In a 2012 article for The Guardian, April De Angelis listed Far Away as one of the "landmark" Churchill plays.

Mark Ravenhill has said that seeing the play was "one of my most revelatory moments at the Royal Court" and that "[watching the play] you feel your brain re-wiring itself on your sense of how language works, and who we are in that moment sort of neurologically shifting."

Nick Payne has said that his own Olivier-nominated play Constellations is "hugely indebted" to Far Away as well as two other plays by Churchill, Blue Heart and A Number. Payne has said that these three plays by Churchill are "probably my three favourite plays ever" and that he has "probably read them more than any other plays".

E.V. Crowe has cited the play as an influence on her work, stating that "I first read Far Away as part of the Royal Court's Young Writers Programme in a sea of ‘normal’ plays. It got under my skin but I didn’t know why. It felt shockingly intense at a time when I felt deadened with irony and imagined myself unshockable. That's what I hope to be most influenced by in Caryl Churchill's work, the intensity of purpose and intensity of connection to the outside world. To have the courage to be that purposeful and to find a mode of expression to deliver the message without flinching."

The playwright Alistair McDowall has stated that "It seems, through conversation with my peers, that the two plays with the biggest impact on my generation are Sarah Kane's Blasted and Far Away by Caryl Churchill. Far Away is endlessly talked about. It feels so bespoke and beautifully crafted but the scale is enormous – it's so wrought, so sprawling."

==Production history==
Far Away was first produced at the Royal Court Theatre Upstairs in London in November/December 2000.

A German production, entitled In weiter Ferne, opened in April 2001 at the Schaubühne am Lehniner Platz in Berlin, directed by Falk Richter.

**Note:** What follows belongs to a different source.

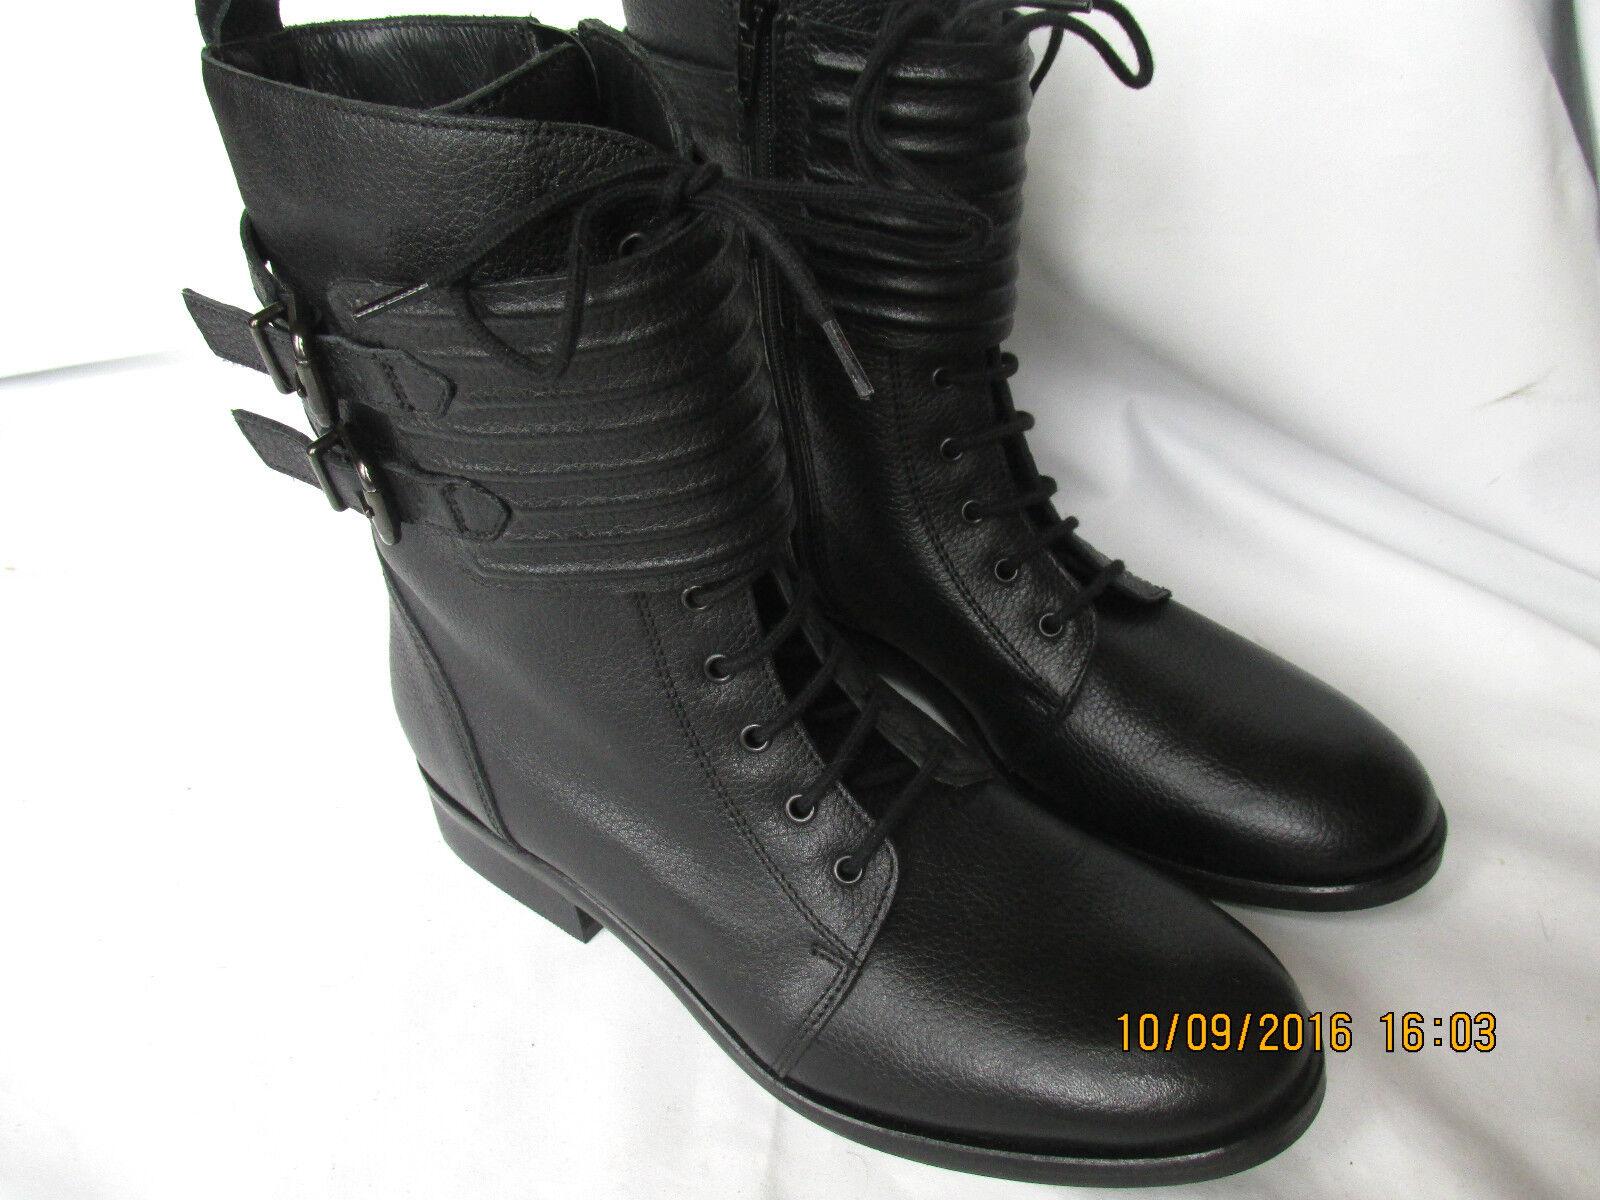 NEW Clarks Damenschuhe LANCE Leder Ankle Stiefel BLACK MINSTER LANCE Damenschuhe Lace Up Buckle 73d376

A production of Far Away ran at New York Theatre Workshop in New York City from 11 November 2002 to 18 January 2003. The production was nominated for the 2003 Lucille Lortel Awards for Outstanding Costume Design and Outstanding Sound Design.

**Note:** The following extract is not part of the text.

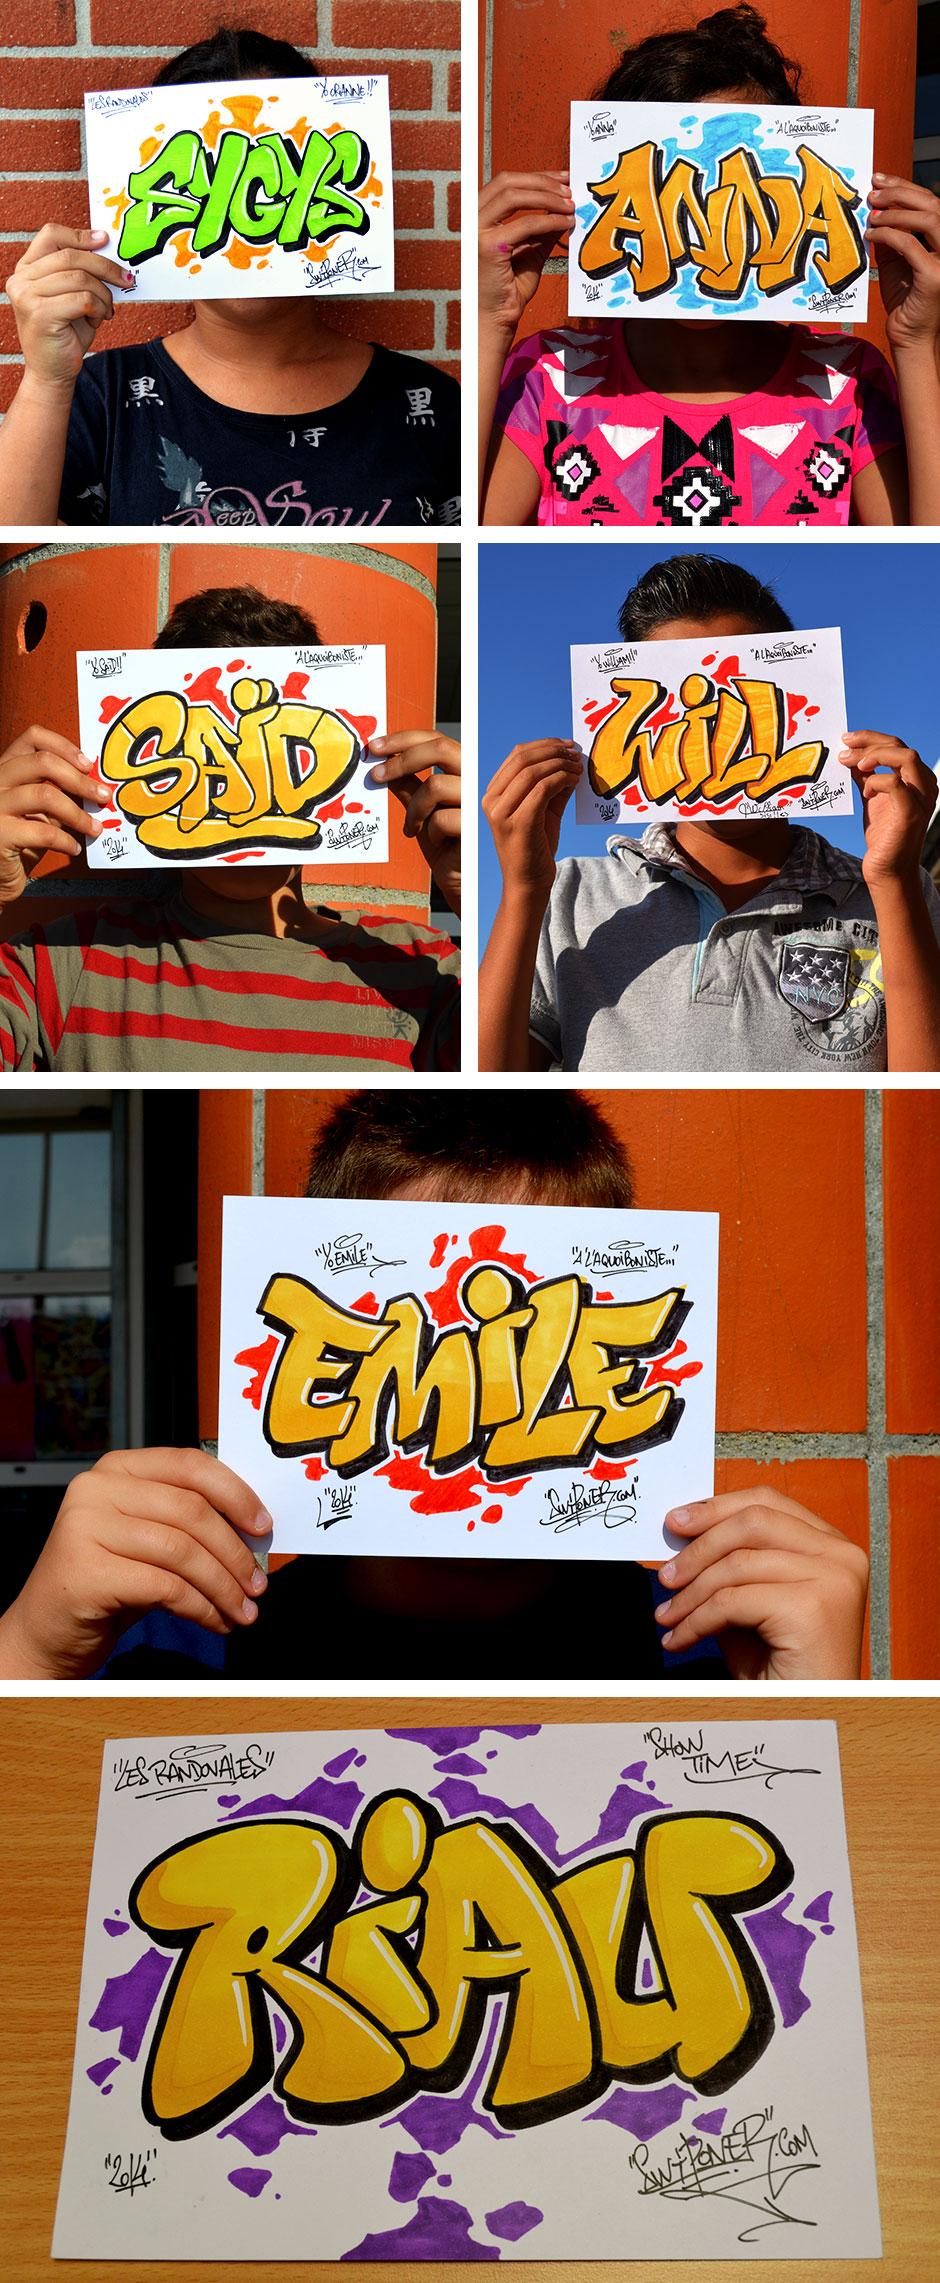 Animation-graffiti-toulouse-prenoms-montage-2-deco-graffiti-toulouse-swip-swiponer-wxp-animation-prenom
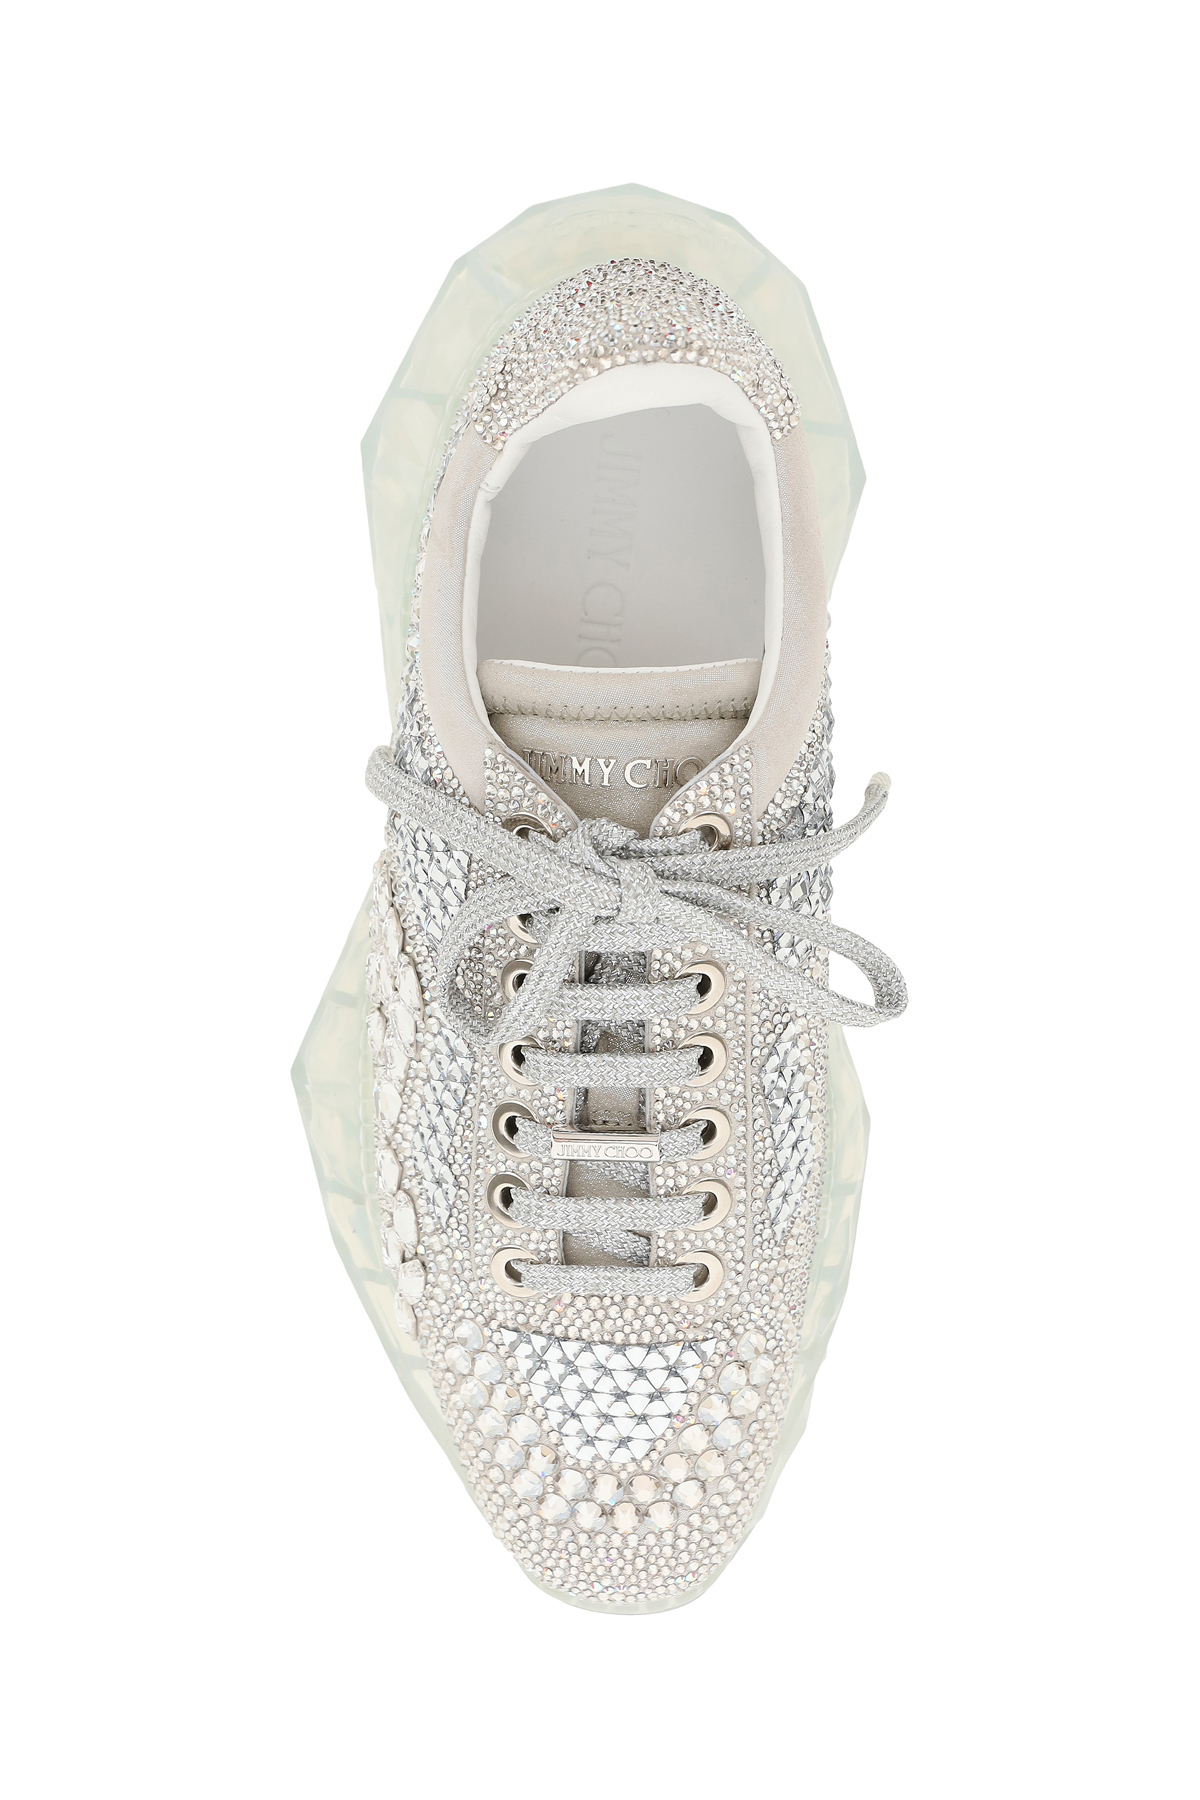 Jimmy choo sneakers diamond f con cristalli

Gustavus Adolphus College ran the show for 2 weekends from October 30, 2009 to November 7, 2009. It was performed preceding another one of Caryl Churchill's plays Seven Jewish Children, as well as a response to this play called Seven Palestinian Children by Deb Margolin.

The play was performed at the Theatre Royal at the Bristol Old Vic from 24 May to 9 June 2010. It was directed by Simon Godwin, and starred Annette Badland, Tristan Sturrock and Cara Horgan.

Saint Cloud State University ran a production of Far Away from 20 to 24 November 2019. The production starred Katherine DeGroot as Joan, Jordan Flaherty as Todd, and Jessica Peters as Harper. It was directed by Vladimir Rovinsky.

The play was performed at the Donmar Warehouse from 6 February to 4 April 2020. This production starred Jessica Hynes as Harper, Aisling Loftus as Joan and Simon Manyonda as Todd. It was directed by Lyndsey Turner, and was cut short due to the COVID-19 pandemic.

PTP/NYC (Potomac Theatre Project) premiered a digital production starring Ro Boddie, Nesba Crenshaw, Caitlin Duffy and Lilah May Pfeiffer, and directed by Cheryl Faraone, that ran from 15 October to 18 October 2020.

A site-specific immersive promenade production of Far Away was directed by Rebecca McCutcheon for her company Lost Text/Found Space in Ambika P3 (a cavernous concrete basement below a University of Westminster building). Running from 13-23 August 2025 as part of the Camden Fringe, it garnered 5 star reviews, including in Plays International which noted "Churchill’s work continues to prove its worth by showing us the things we can no longer see because we have forgotten that, once, they were not normal".